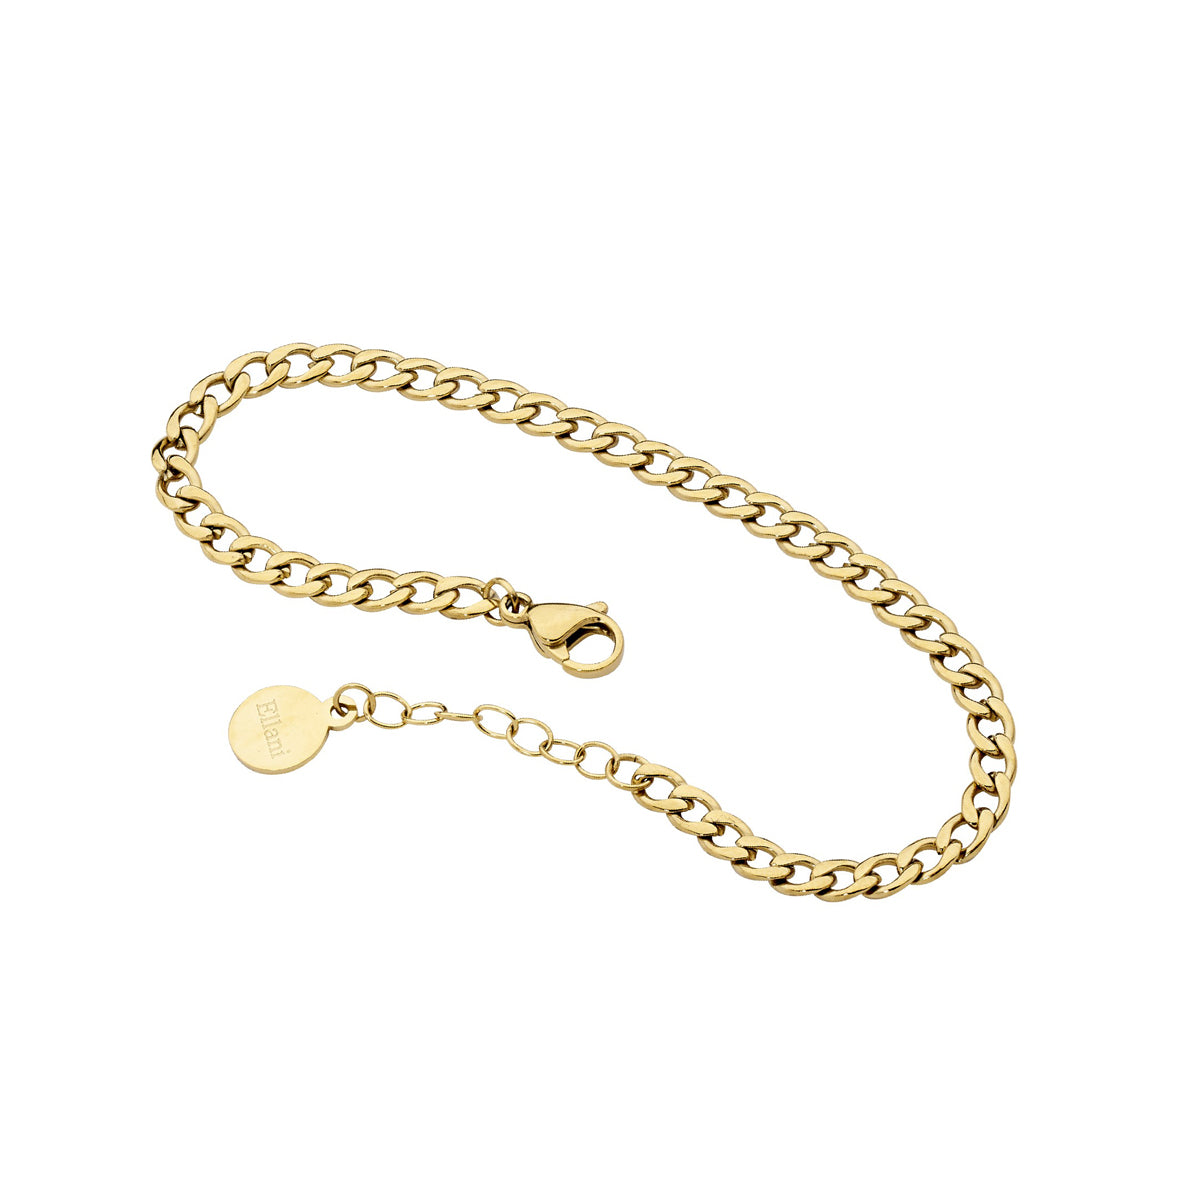 Stainless Steel Curb Chain Bracelet, 17cm+ Ext. With Gold IP Plating 
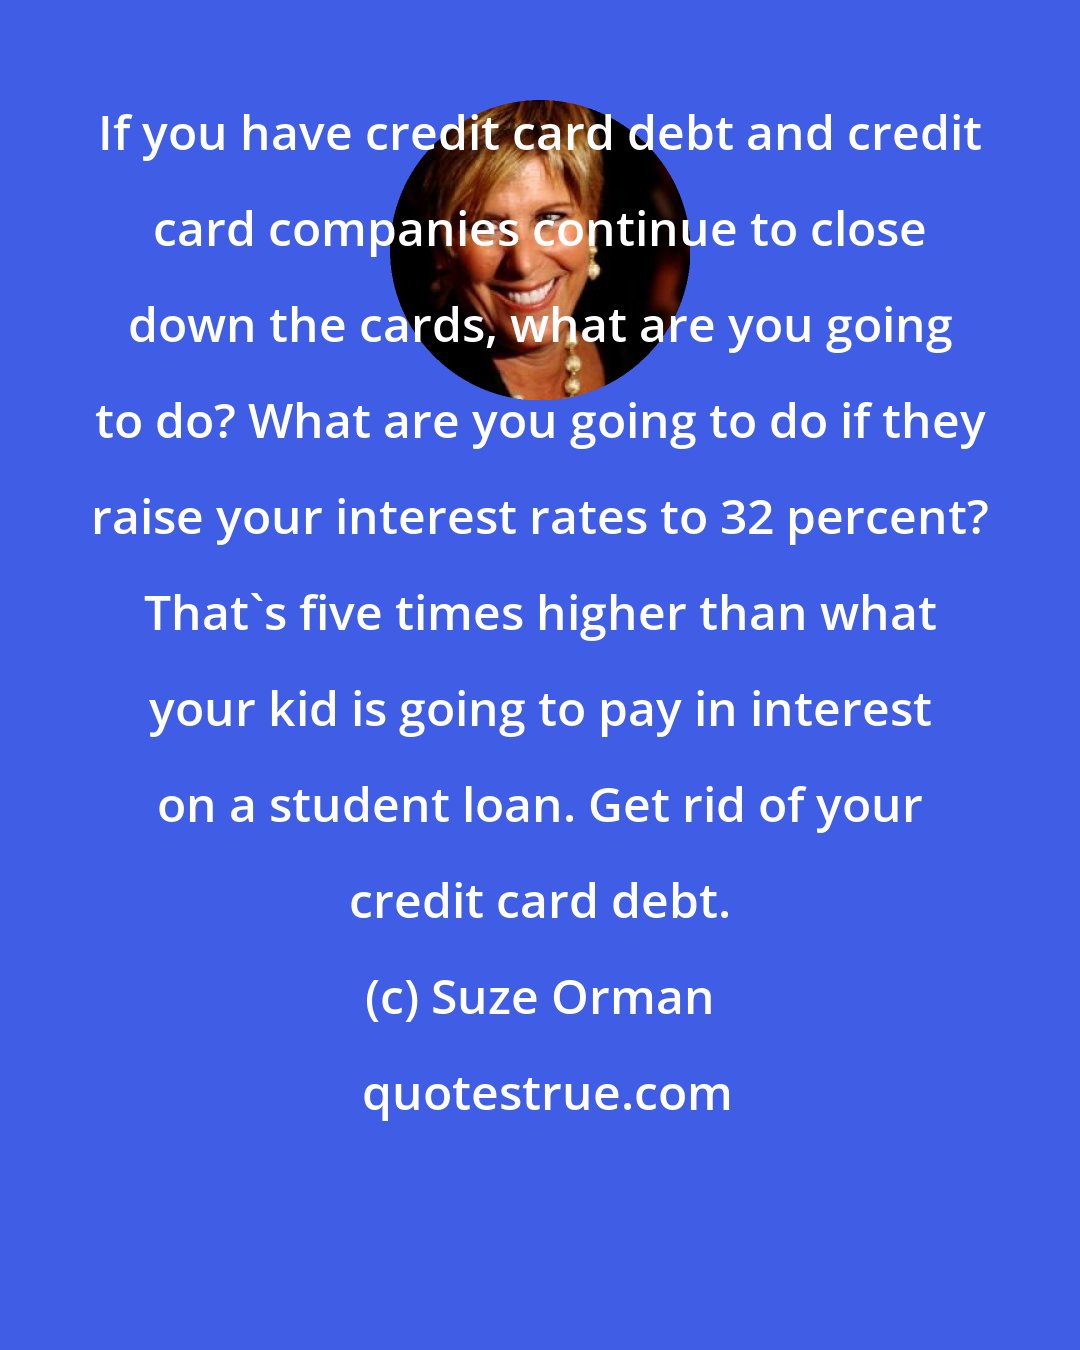 Suze Orman: If you have credit card debt and credit card companies continue to close down the cards, what are you going to do? What are you going to do if they raise your interest rates to 32 percent? That's five times higher than what your kid is going to pay in interest on a student loan. Get rid of your credit card debt.
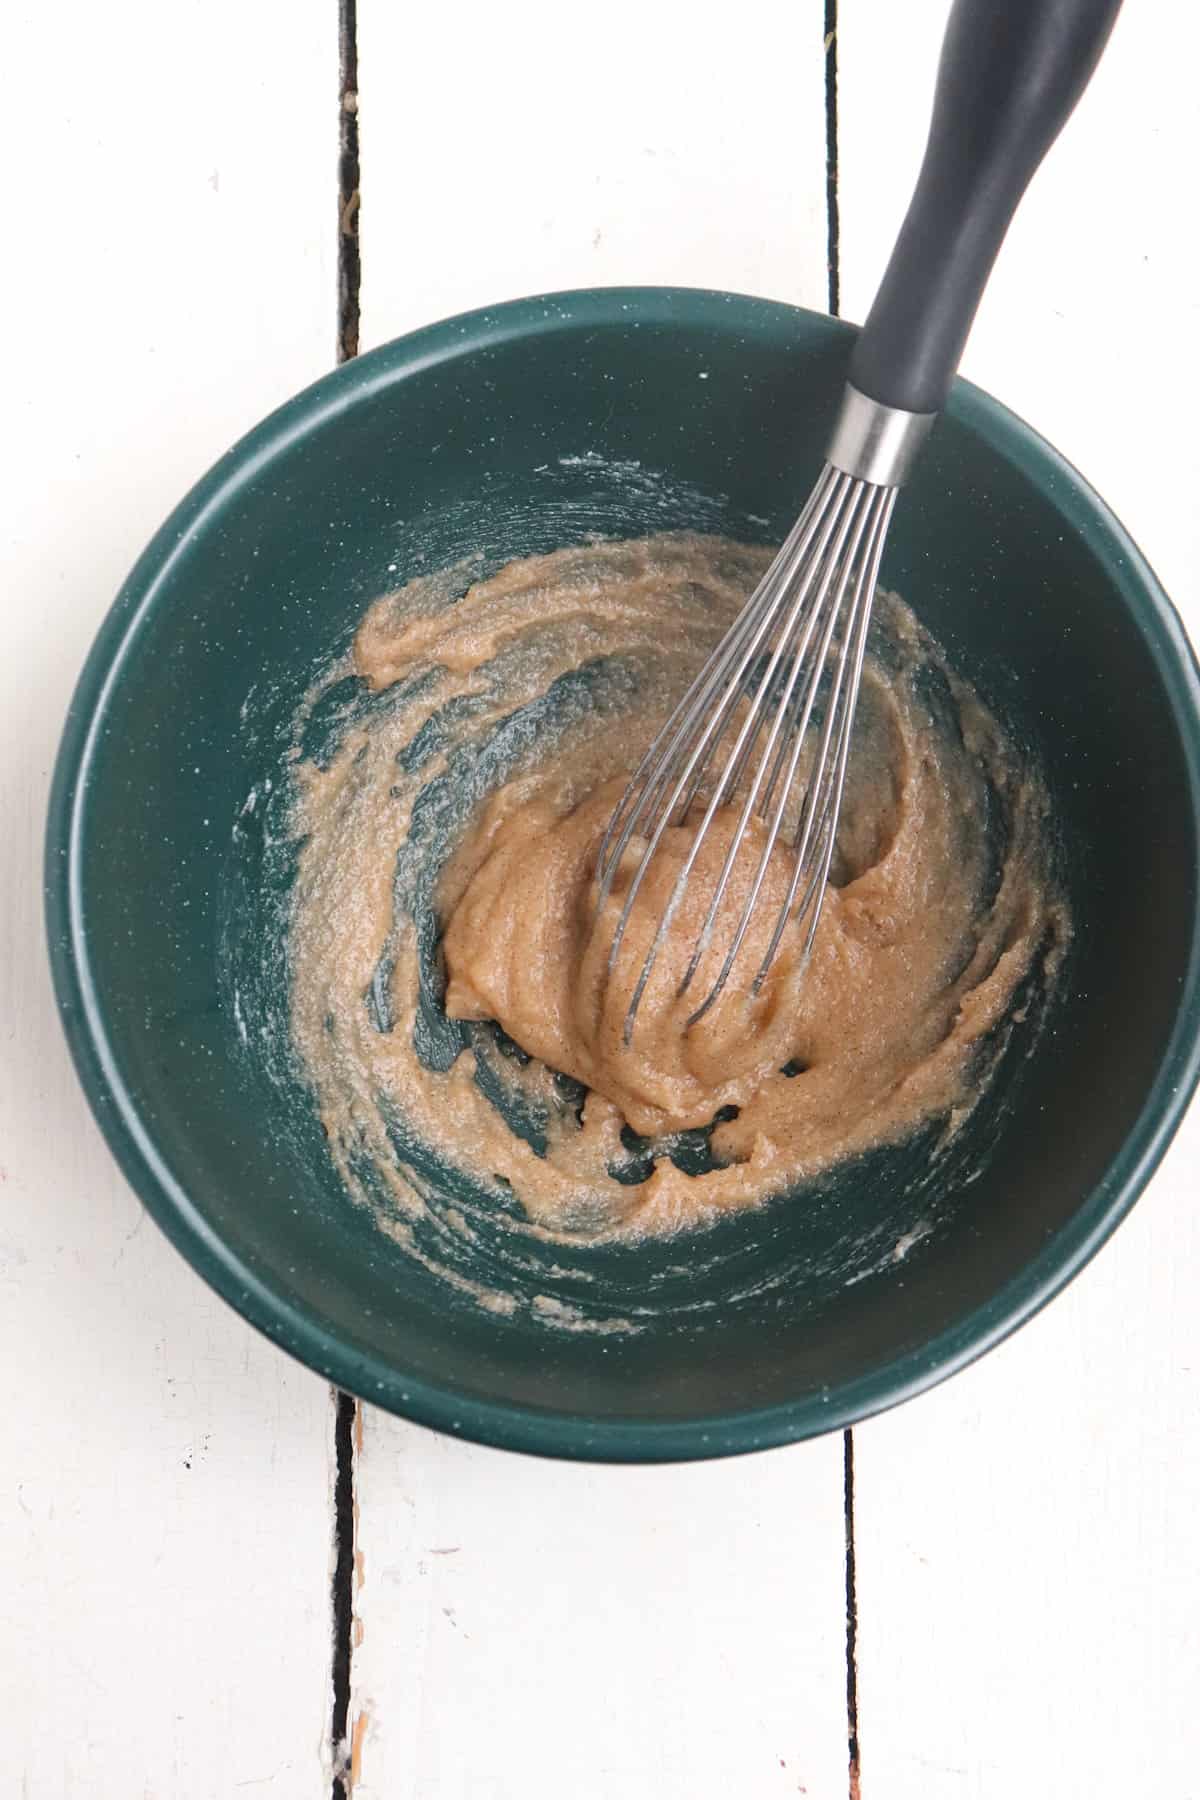 vanilla, cream cheese, and sugar whisked in a small green bowl.

#### Task description:
Output the whole listing again, exactly, without its pictures.

#### Solution to the exercise:
 Stainless Steel Curb Chain Bracelet, 17cm+ Ext. With Gold IP Plating 
 Suze Orman: If you have credit card debt and credit card companies continue to close down the cards, what are you going to do? What are you going to do if they raise your interest rates to 32 percent? That's five times higher than what your kid is going to pay in interest on a student loan. Get rid of your credit card debt.
 vanilla, cream cheese, and sugar whisked in a small green bowl.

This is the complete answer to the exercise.